Bisphosphonates are a group of prescription medications used to treat bone loss in osteoporosis patients. But in this new study, researchers found that older women who used these medications for a longer period of time were more likely to experience atypical fractures.

“We found that women who are 68 years or older, who take these drugs for a long period of time, 5 or more years, have a small increase in the risk of thigh bone fractures. The risk of thigh bone fracture was increased about two fold in women who had been taking a bisphosphonate drug for 5 years or more compared to women who took the drugs for just a short period of time, Laura Y. Park-Wyllie, Pharm.D., M.Sc., of the Li Ka Shing Knowledge Institute of St. Michael’s Hospital, in Toronto, told Ivanhoe.

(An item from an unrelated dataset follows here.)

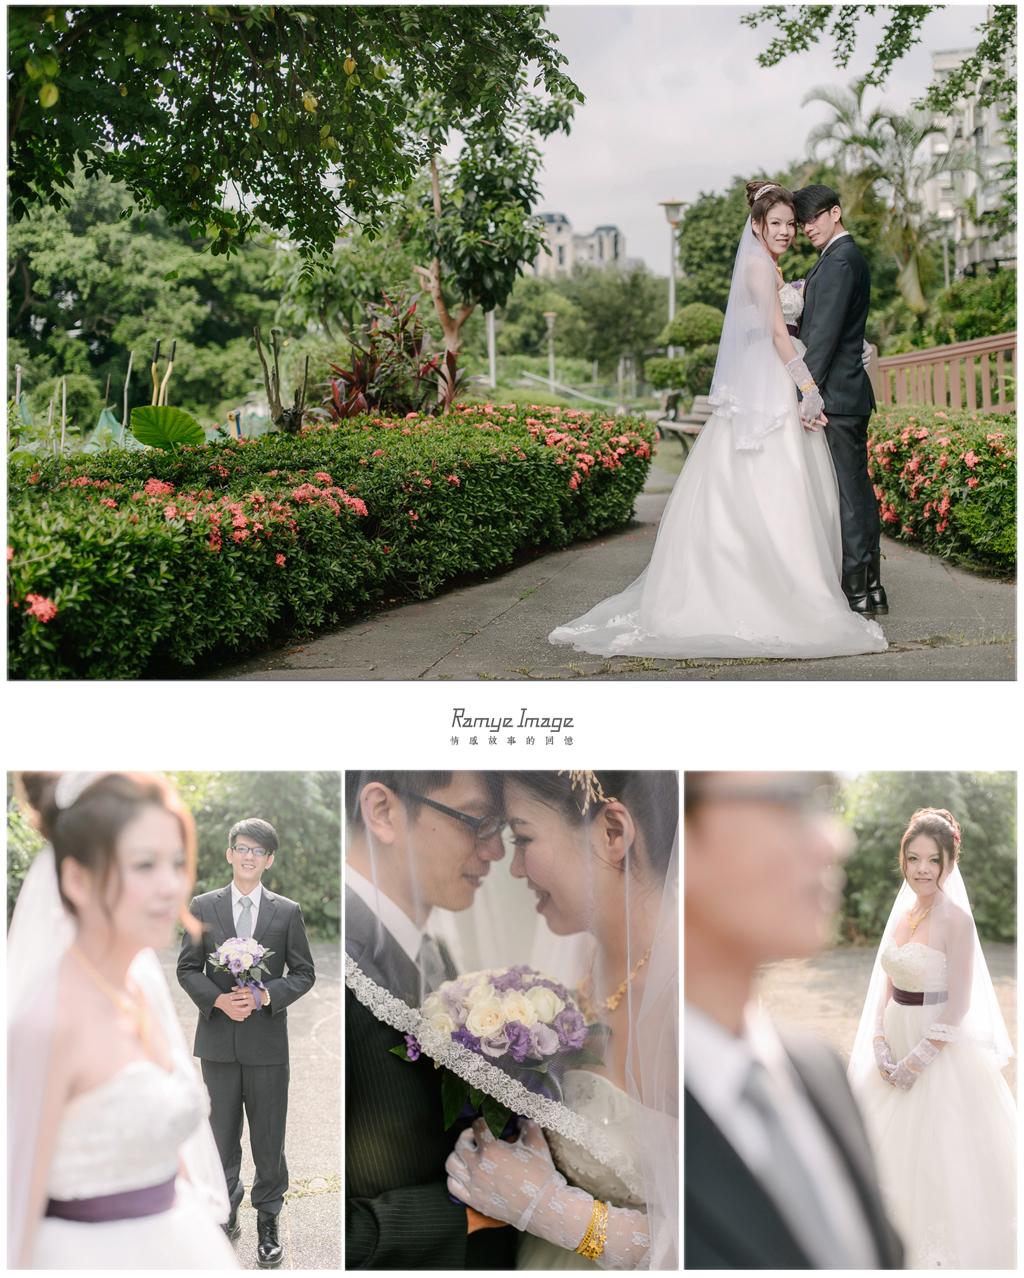 婚禮攝影,婚禮紀錄,迎娶儀式,婚攝小葉,

For the study, Dr, Park-Wyllie and her colleagues examined the relationship between long-term bisphosphonate use and fractures in a large group of postmenopausal women.

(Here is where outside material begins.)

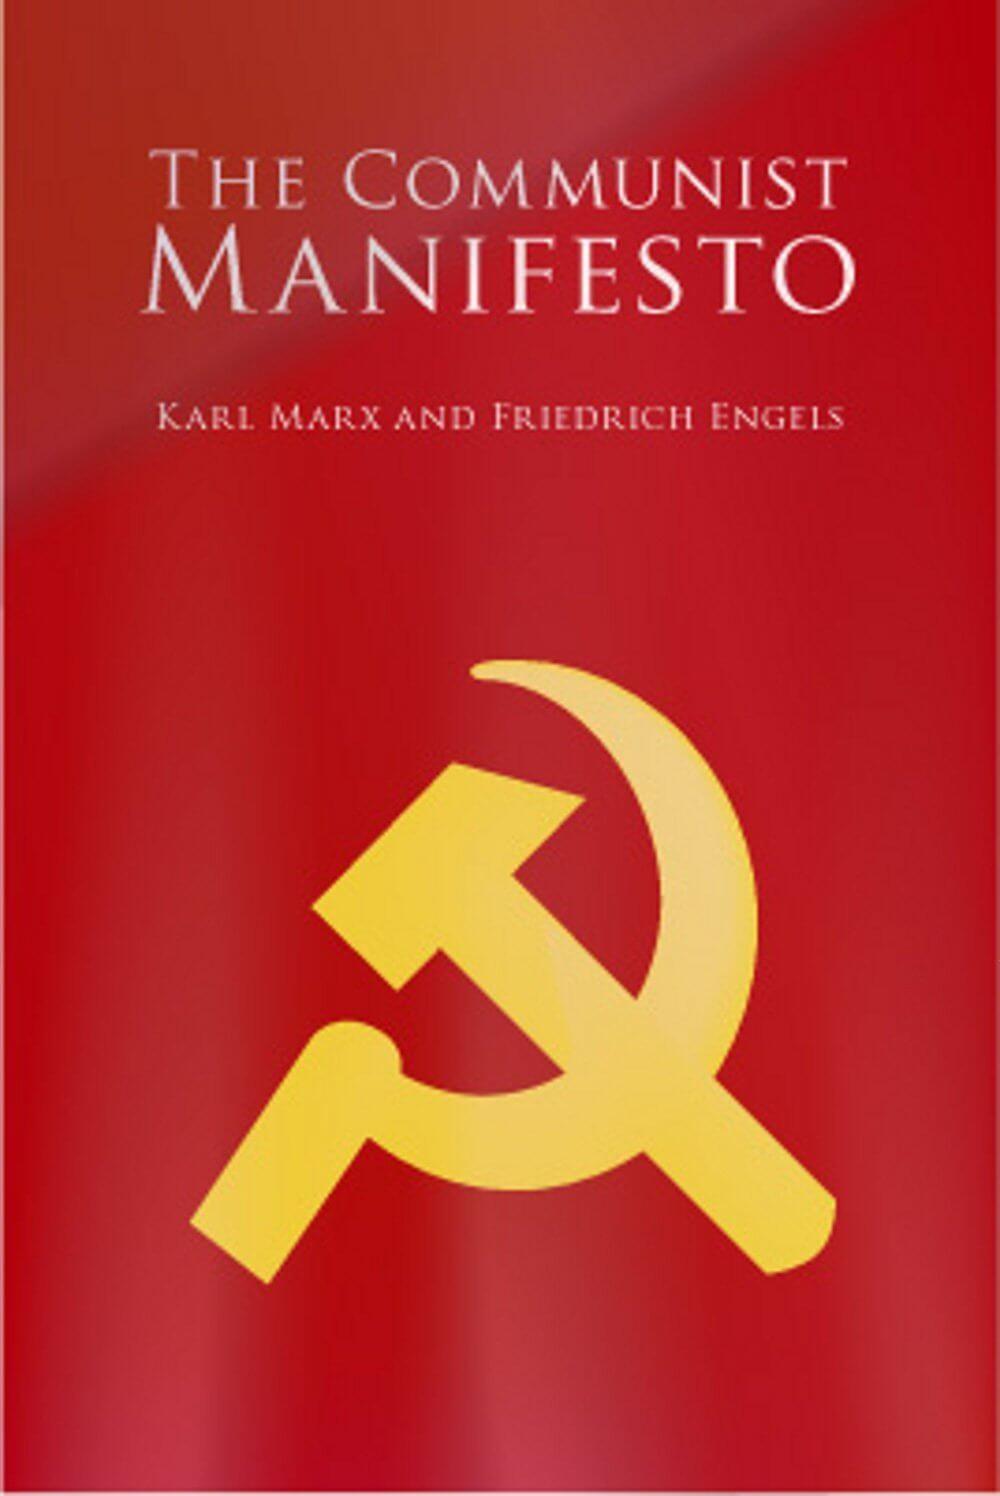 Communist Manifesto.jpg

The findings showed that women who used bisphosphonates for five years or longer had a 2.7 greater risk of hospitalization for atypical fractures, compared with women who used the medication for less than 100 days. Researchers say the absolute risk of these fractures was low, and for that reason clinicians should not stop prescribing bisphosphonates to appropriate patients.

“Women with osteoporosis who are at high risk of osteoporotic fractures should not stop taking their treatment because, on average, the benefit of continuing treatment will outweigh the risk,” Dr. Park-Wyllie concluded.